**What the exercise asks**
Set down the data again word for word. Skip any pictures.

**Provided entries**
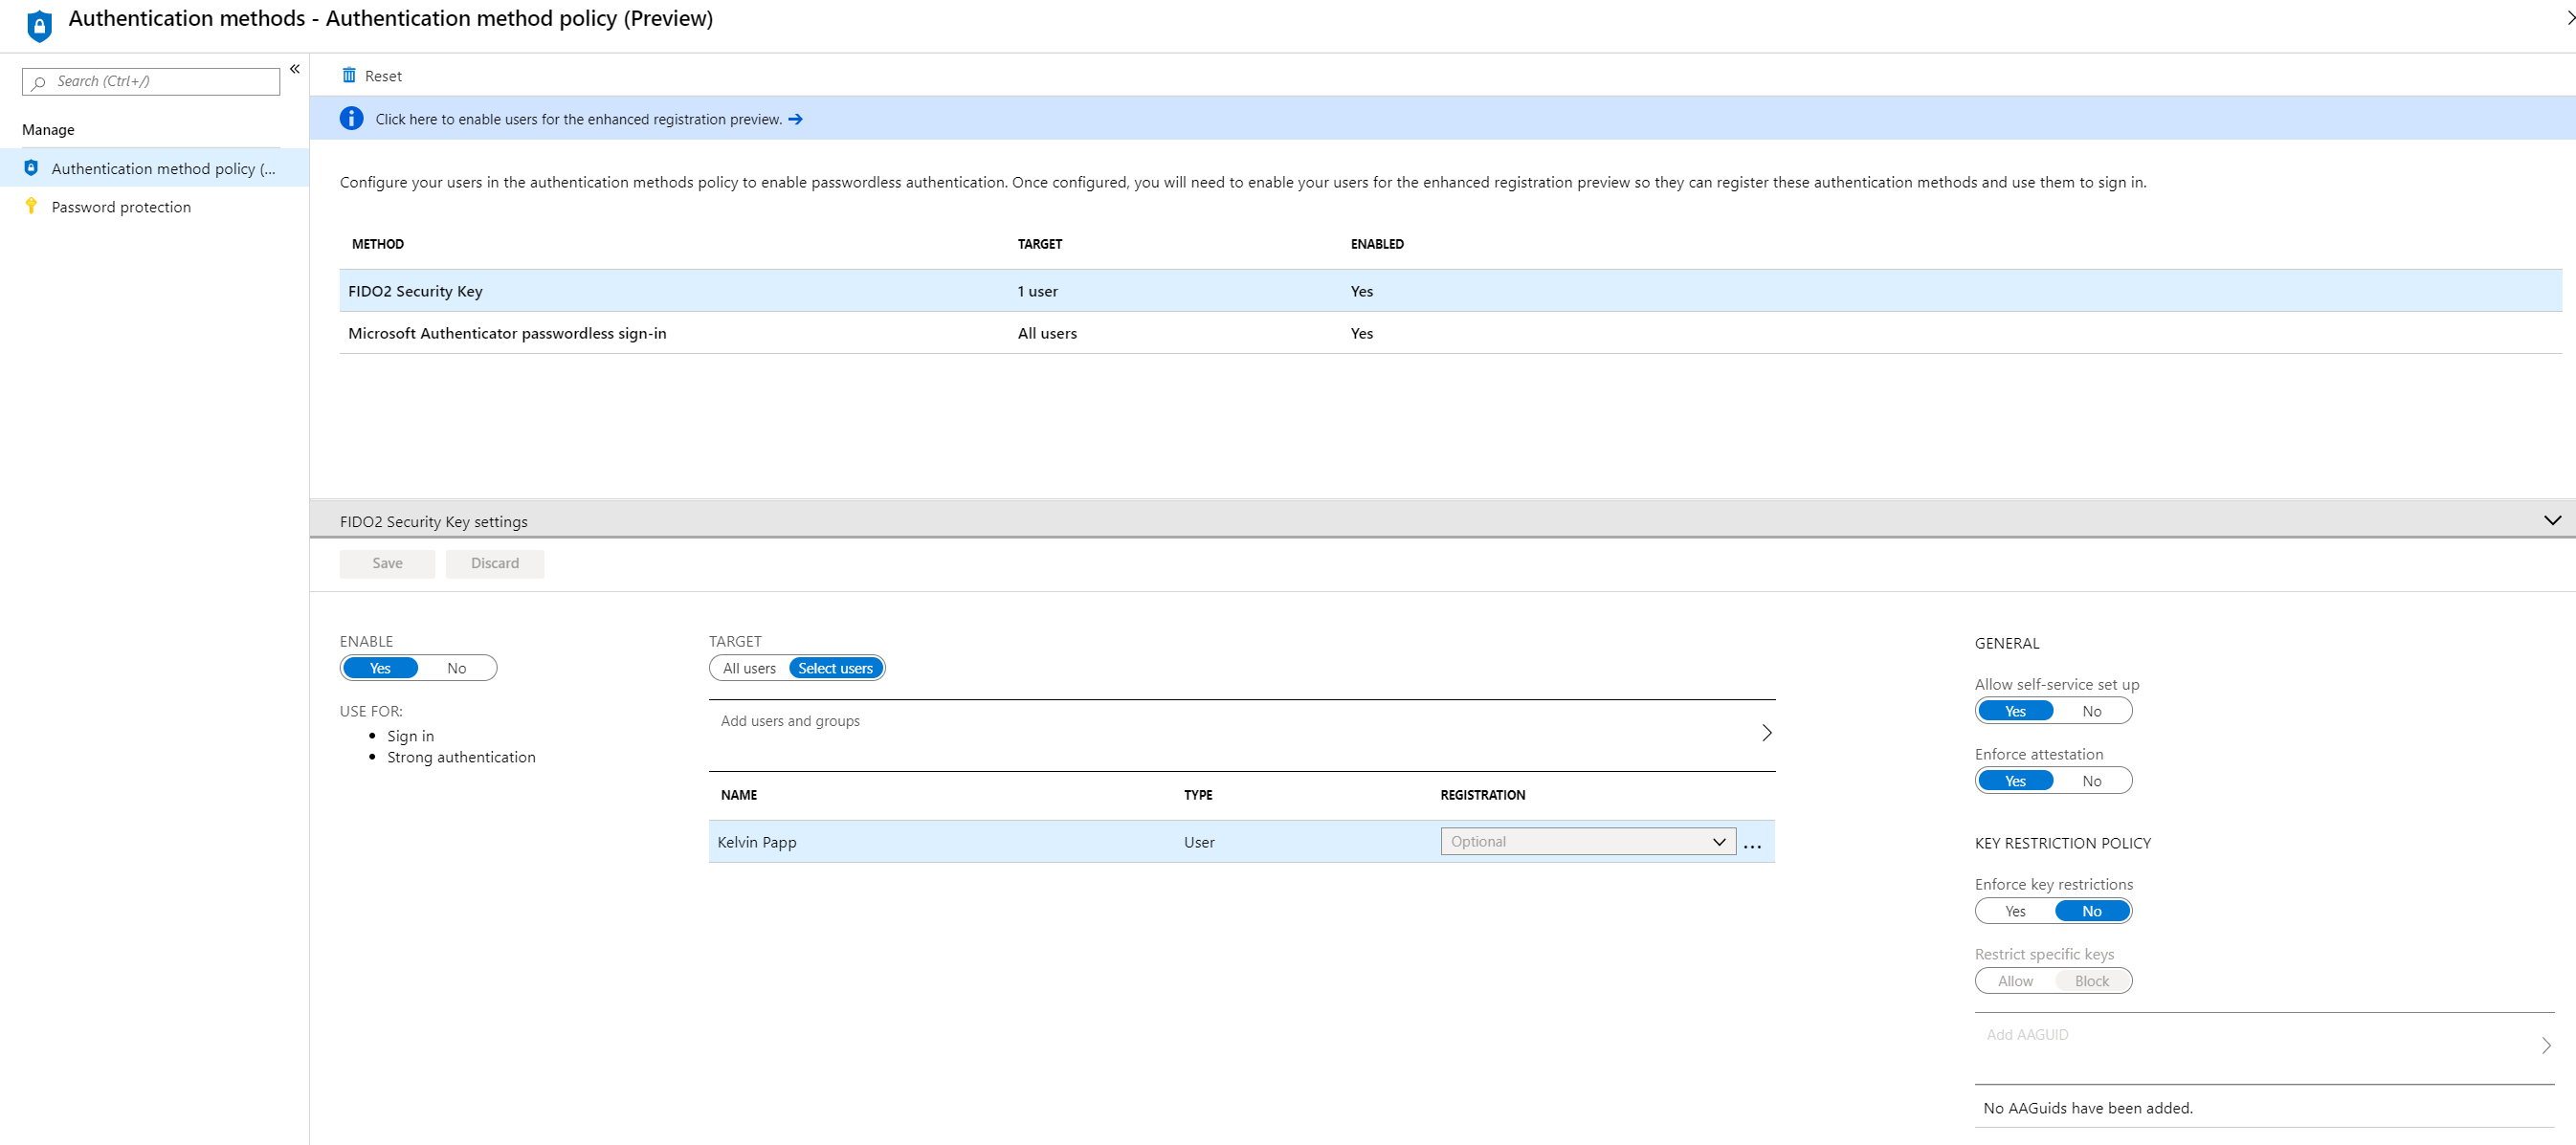 A creenshot from the Azure AD portal depicting the available passwordless sign-in options, and associated users
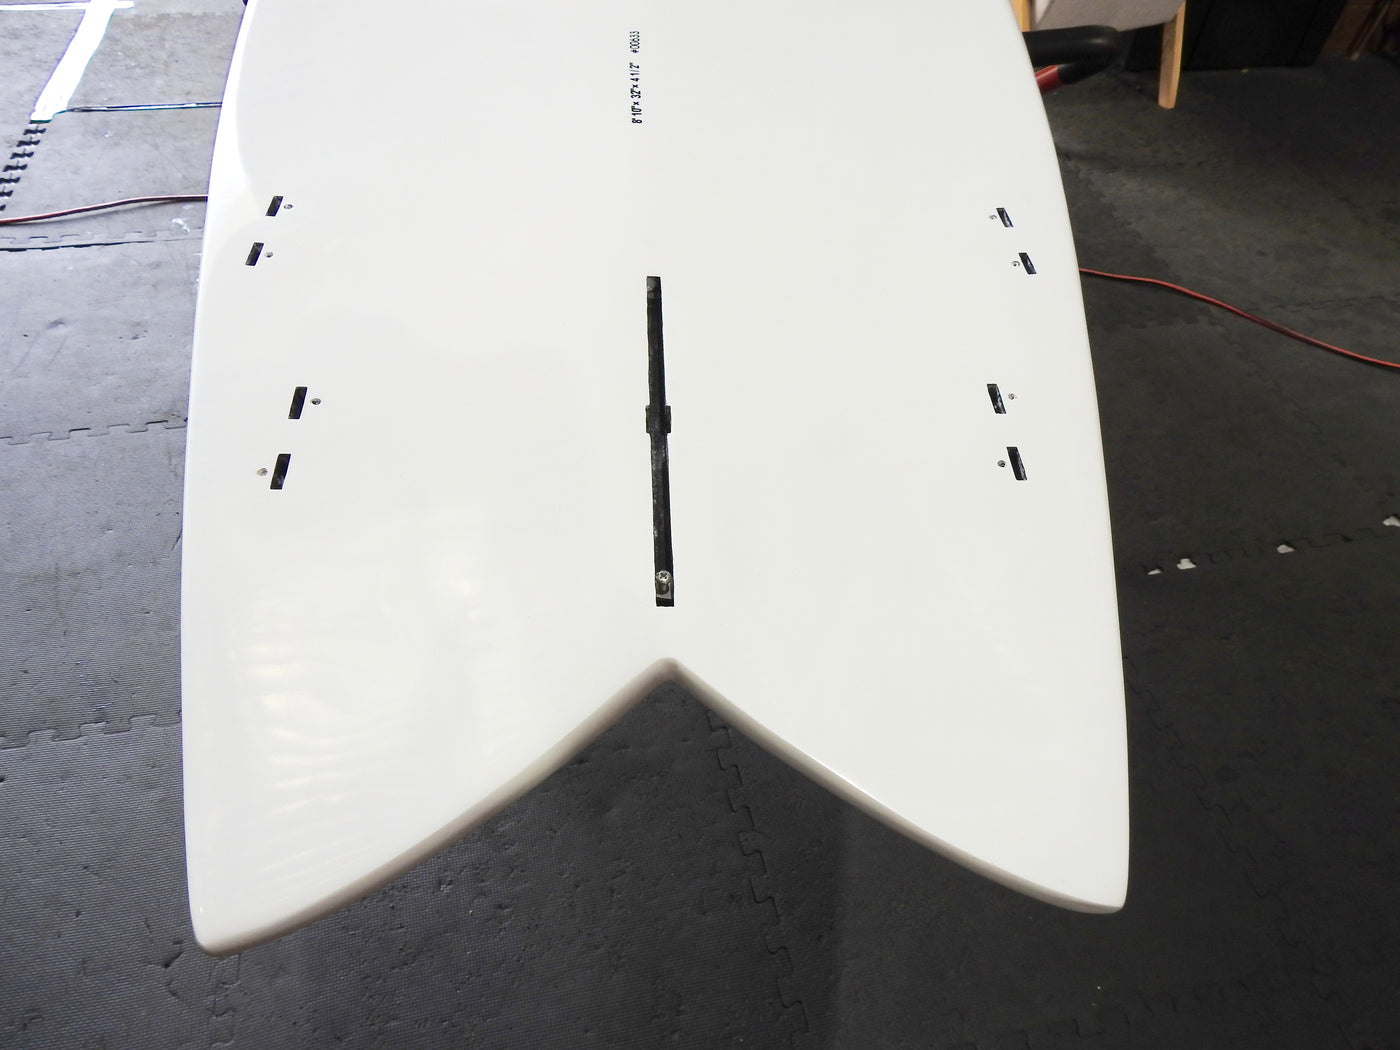 8’6” x 30” Galaxy Bounce Bamboo & White Surf SUP - Alleydesigns  Pty Ltd                                             ABN: 44165571264
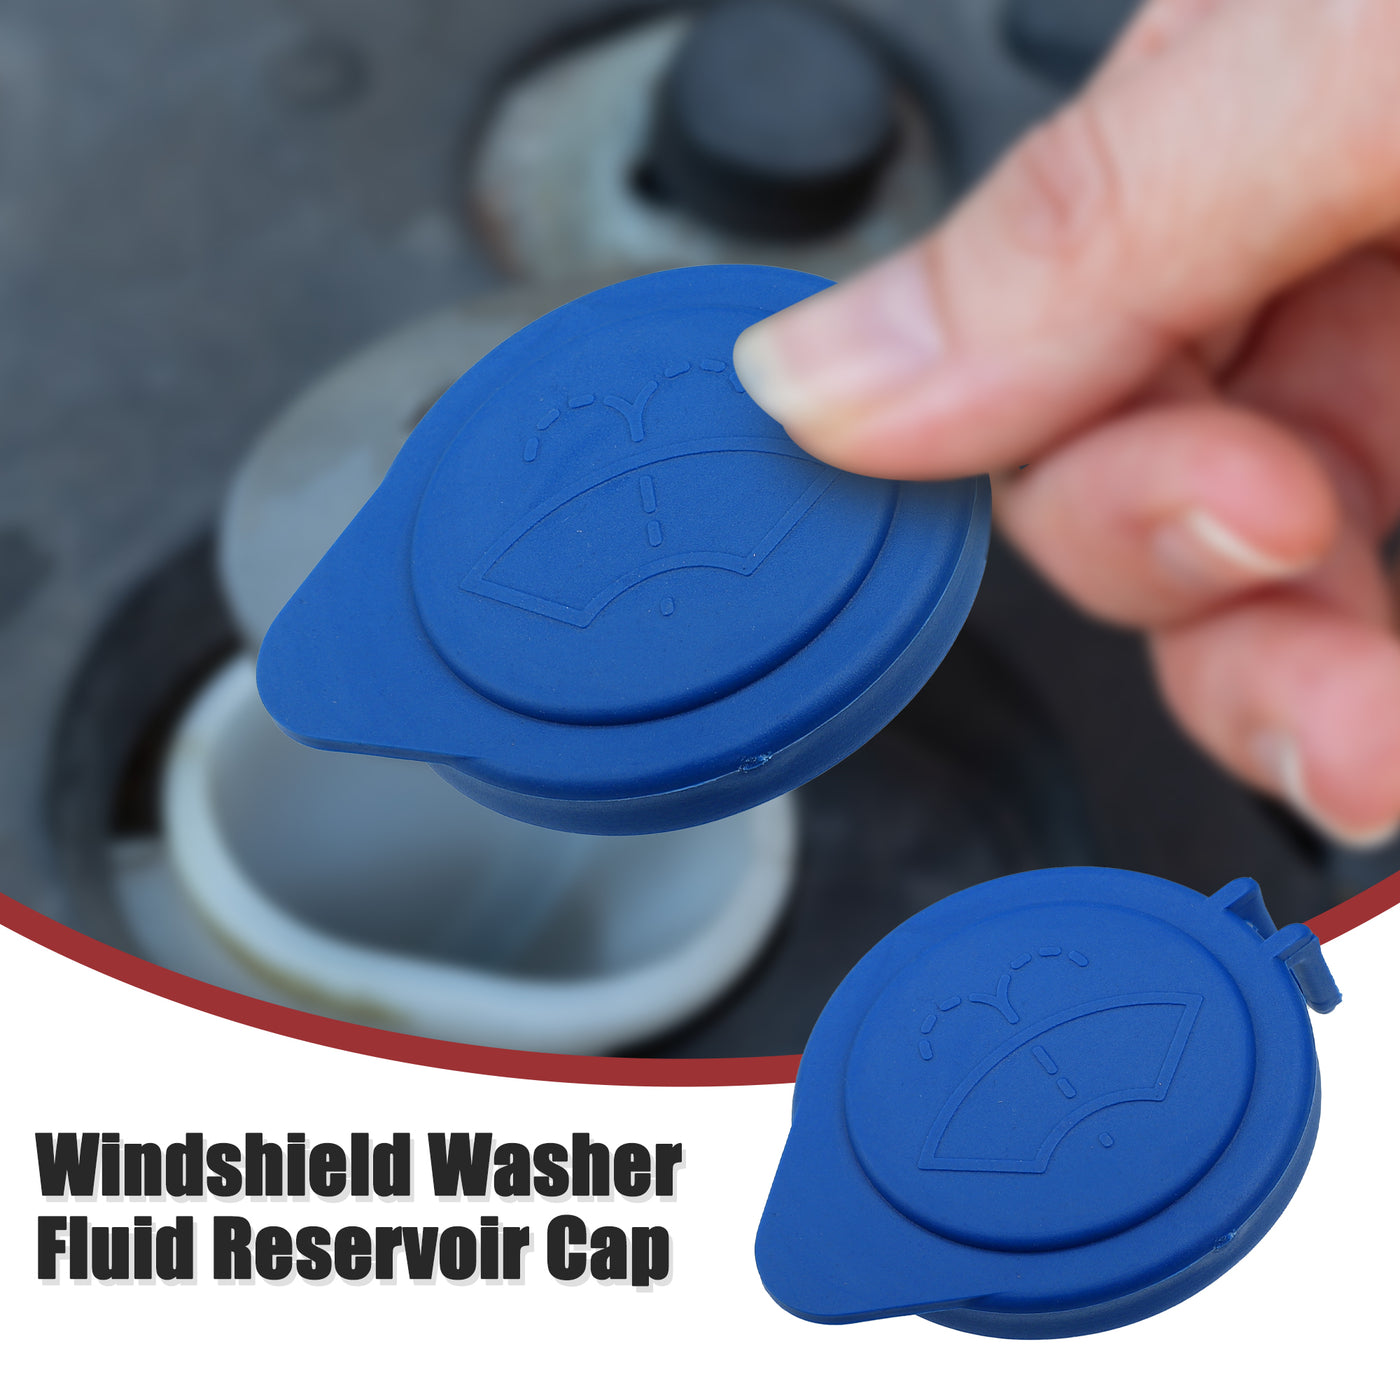 ACROPIX Windshield Washer Fluid Reservoir Bottle Tank Cap Fit for Ford Focus 2012-2018 for Ford Transit Connect 2018-2021 - Pack of 1 Blue
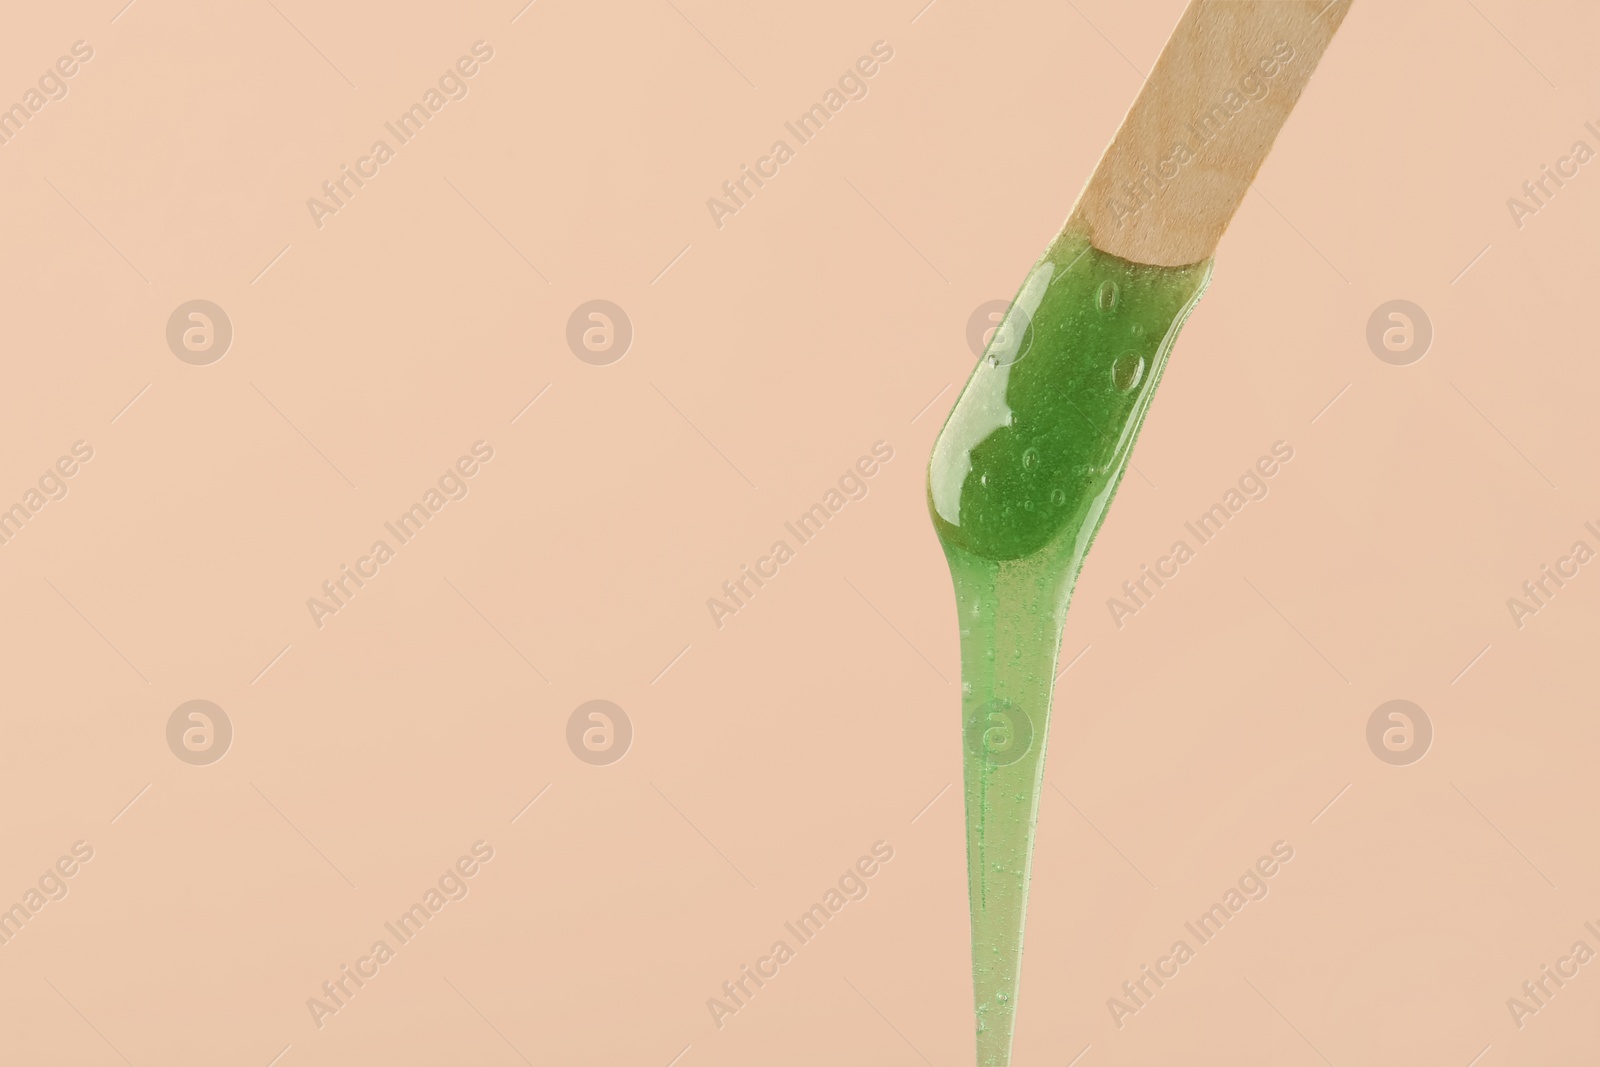 Photo of Wooden spatula with hot depilatory wax on beige background. Space for text
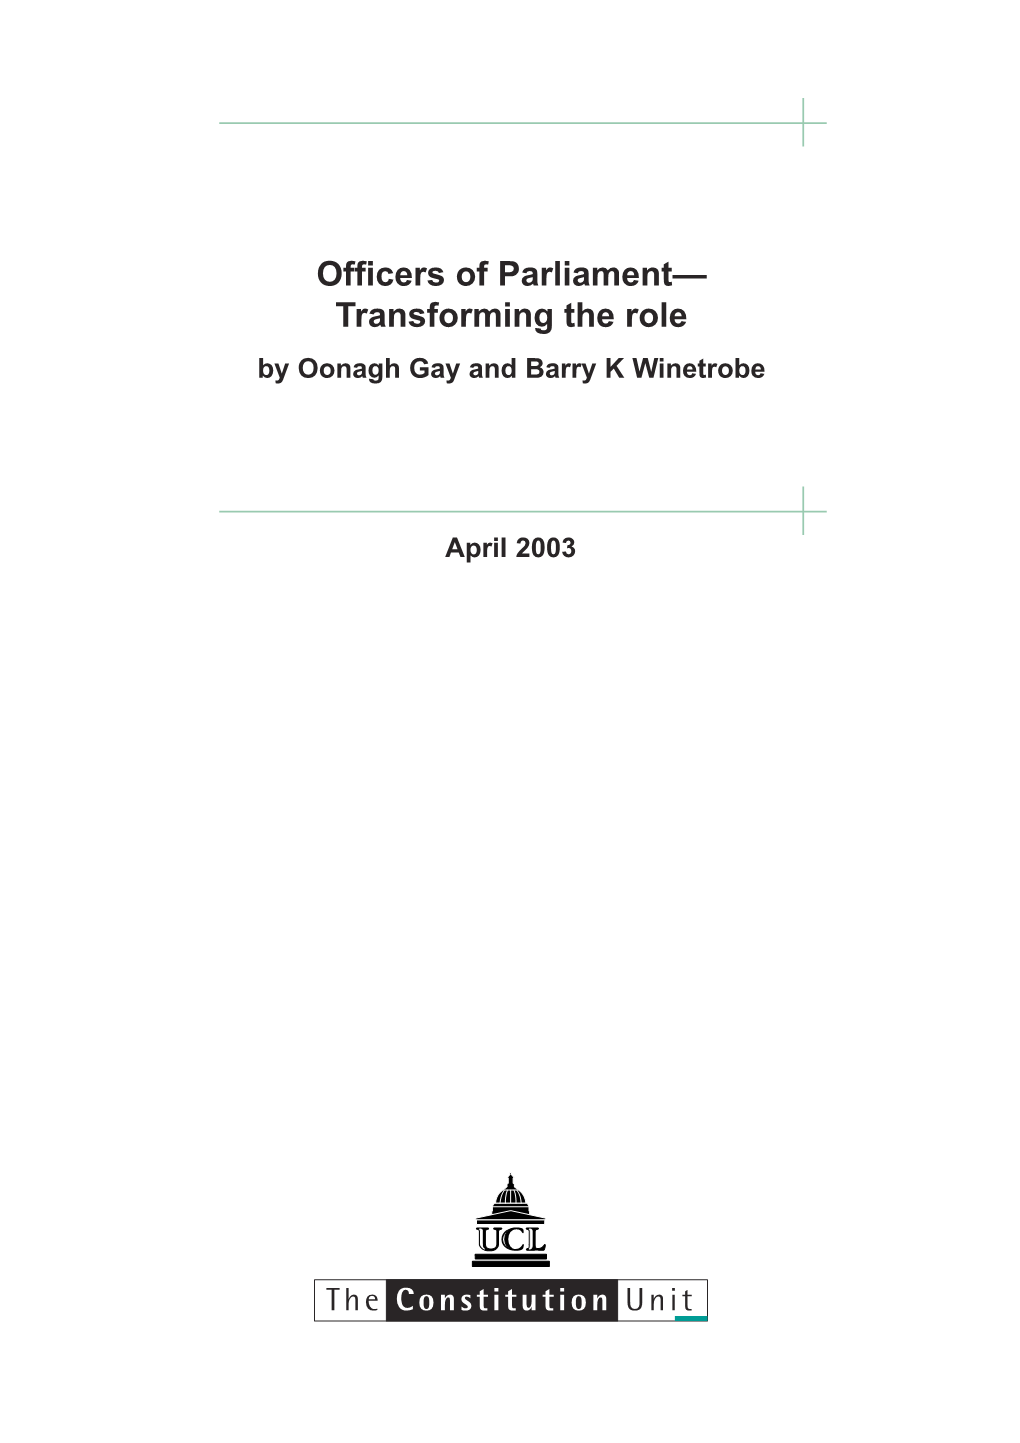 Officers of Parliament— Transforming the Role by Oonagh Gay and Barry K Winetrobe

**Output of the exercise**
 A creenshot from the Azure AD portal depicting the available passwordless sign-in options, and associated users
 8’6” x 30” Galaxy Bounce Bamboo & White Surf SUP - Alleydesigns  Pty Ltd                                             ABN: 44165571264
 ACROPIX Windshield Washer Fluid Reservoir Bottle Tank Cap Fit for Ford Focus 2012-2018 for Ford Transit Connect 2018-2021 - Pack of 1 Blue
 Photo of Wooden spatula with hot depilatory wax on beige background. Space for text
 Officers of Parliament— Transforming the Role by Oonagh Gay and Barry K Winetrobe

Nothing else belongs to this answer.